#左耳音风 ARST check-in activity restart#
Table of contents
Fourth, the difference between the two methods
Interpretation of ARTS - Complete one ARTS per week:
● Algorithm: Do at least one LeetCode algorithm problem per week
● Review: Read and comment on at least one English technical article
● Tips: Learn at least one technical skill
● Share: Share one Technical articles with opinions and thoughts
It is hoped that through this event, a wave of people who love technology can be gathered, and the spirit of curiosity, exploration, practice, and sharing can be continued.
1. Problems
Given an integer array nums, rotate the elements of the array k positions to the right, where k is a non-negative number. Example 1: Input: nums = [1,2,3,4,5,6,7], k = 3 Output: [5,6,7,1,2,3,4] Explanation: Turn right by 1 step : [7,1,2,3,4,5,6] Turn right 2 steps: [6,7,1,2,3,4,5] Turn right 3 steps: [5,6,7, 1,2,3,4] Example 2: Input: nums = [-1,-100,3,99], k = 2 Output: [3,99,-1,-100] Explanation: Turn right by 1 step : [99,-1,-100,3] Turn right 2 steps: [3,99,-1,-100]

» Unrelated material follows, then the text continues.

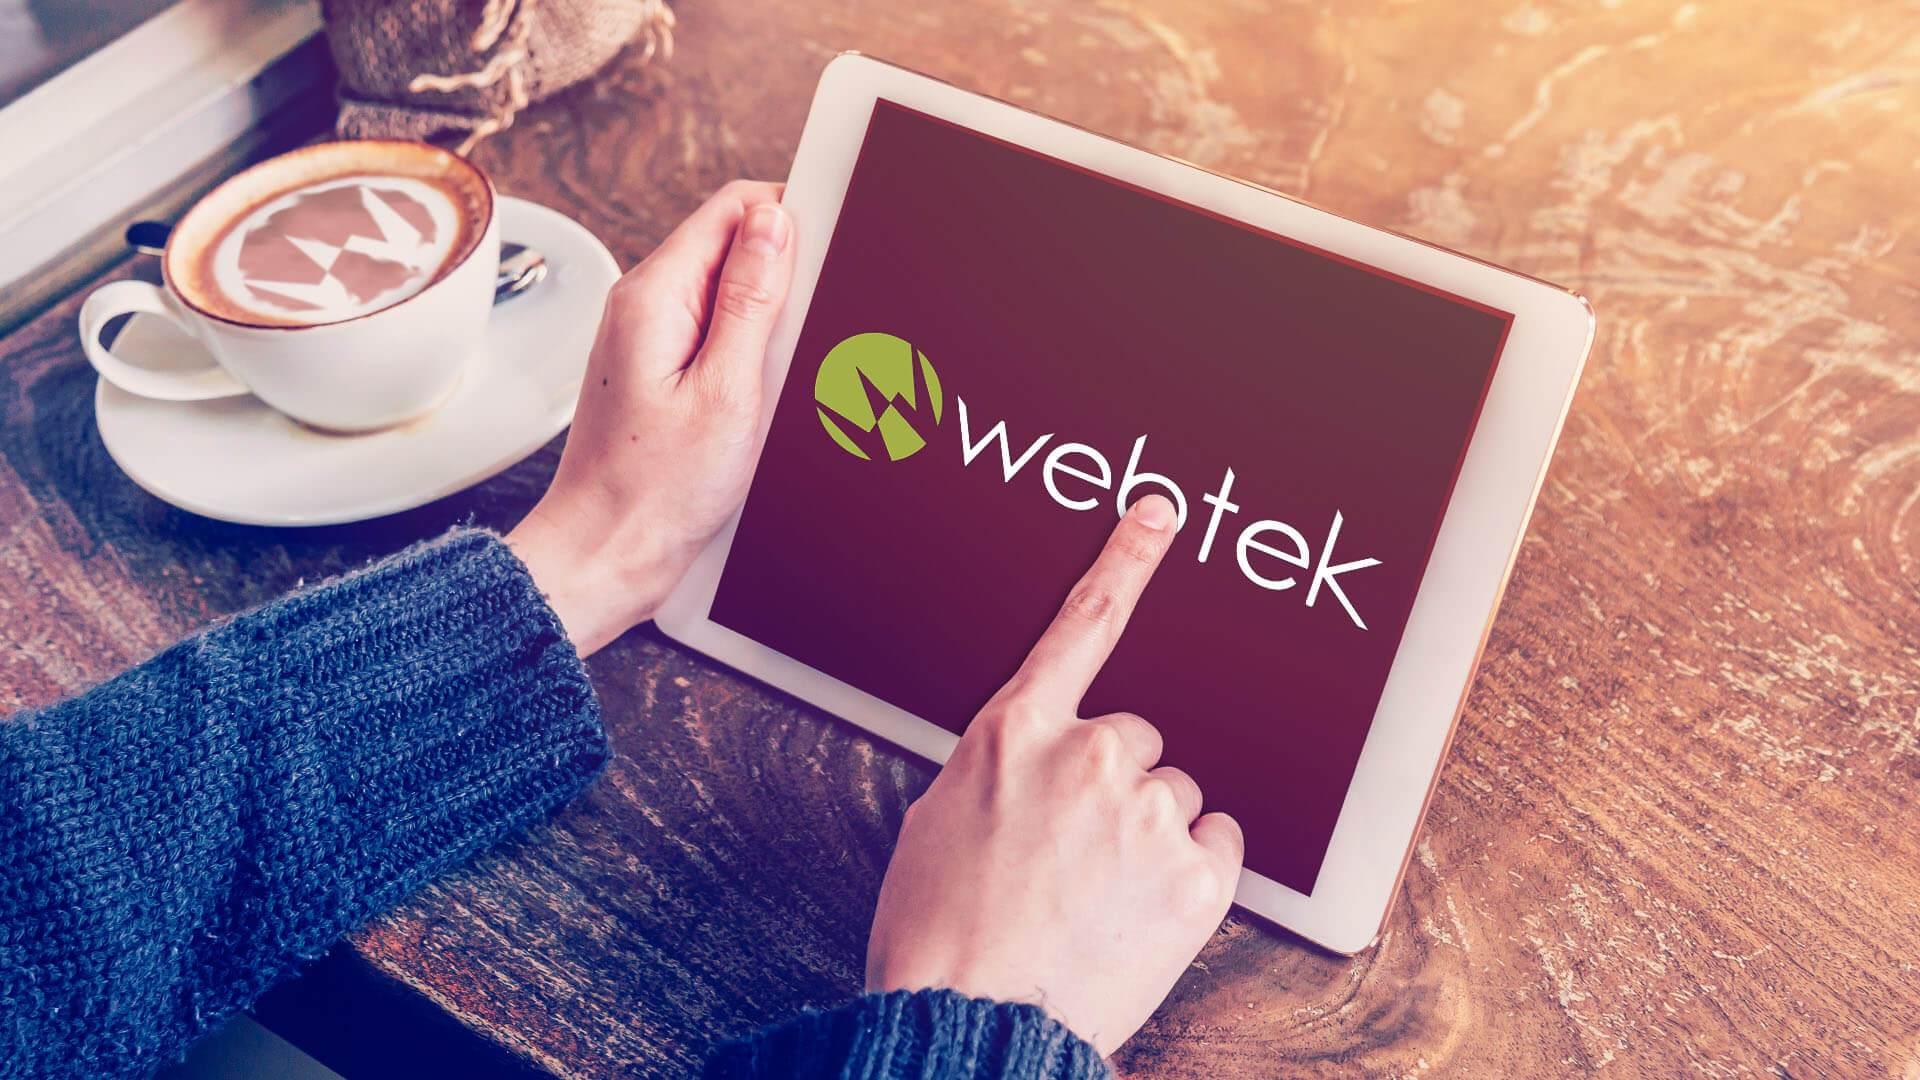 Webtek

2. Problem solving method one
class Solution:
def rotate(self, nums: List[int], k: int) -> None:
n = len(nums)
k %= n
nums.extend(nums[:k])
nums[:k] = nums[-k:]
This code implements a function `rotate`, which is used to rotate the given integer array `nums` to the right by `k` positions.
The function has two input parameters:
- An integer array `nums`, representing the array that needs to be rotated.
- A non-negative integer `k`, indicating the number of positions to be rotated to the right. Note that `k` here is modulo `n` (that is, `k % n`), because when `k` is greater than or equal to `n`, only one complete rotation is required.The main idea of the function is to divide the array into two parts, the first `k` elements and the remaining elements, and then splicing these two parts together to get the rotated array. The specific implementation process is as follows:
1. First calculate the length `n` of the array, and `k % n` the result of modulo `n`. This is because when `k` is greater than or equal to `n`, only one full rotation is required.
2. Then use the `extend()` method of the list to add the first `k` elements at the end of the array. In this way, a new array is obtained, in which the first `k` elements are the first half of the original array, and the remaining elements are the second half of the original array.
3. Finally, use list slicing to move the remaining elements in the new array to the front, and you can get the rotated array. Specifically, we can take the `k`th element to the last element in the new array, and then put them in the corresponding positions in the first half of the new array. This completes the entire rotation operation.
In summary, the time complexity of this code is O(n) and the space complexity is O(1).
3. Problem solving method 2
Another way to solve the problem is to use the double pointer method. Specifically, we can define two pointers `left` and `right`, which point to the beginning and end of the array respectively. Then do the following:
1. Move the `left` pointer to the right by `k` positions until it points to the `k`th element of the array.
2. Move the `right` pointer `k` positions to the left until it points to the `nk`th element of the array.
3. Swap the two elements pointed by `left` and `right` to complete the rotation operation.The time complexity of this method is O(n) and the space complexity is O(1).
def rotate(nums, k):
n = len(nums)
k %= n # 对 n 取模,防止 k 大于等于 n 的情况
left, right = 0, n - 1
for _ in range(k):
temp = nums[left]
nums[left] = nums[right]
nums[right] = temp
left += 1
right -= 1
Fourth, the difference between the two methods
The difference between the two methods is that the single-pointer method can only find one element satisfying the condition, while the double-pointer method can find all elements satisfying the condition within the time complexity of O(n). Specifically, the single-pointer method traverses from the beginning of the array, and if an element that meets the condition is found, the position of the element is returned; otherwise, it continues to traverse backwards until the entire array is traversed. The double-pointer method traverses from both ends of the array, moving one pointer at a time, and when the two pointers meet, exchange the positions of the elements they point to. This ensures that each element is visited once.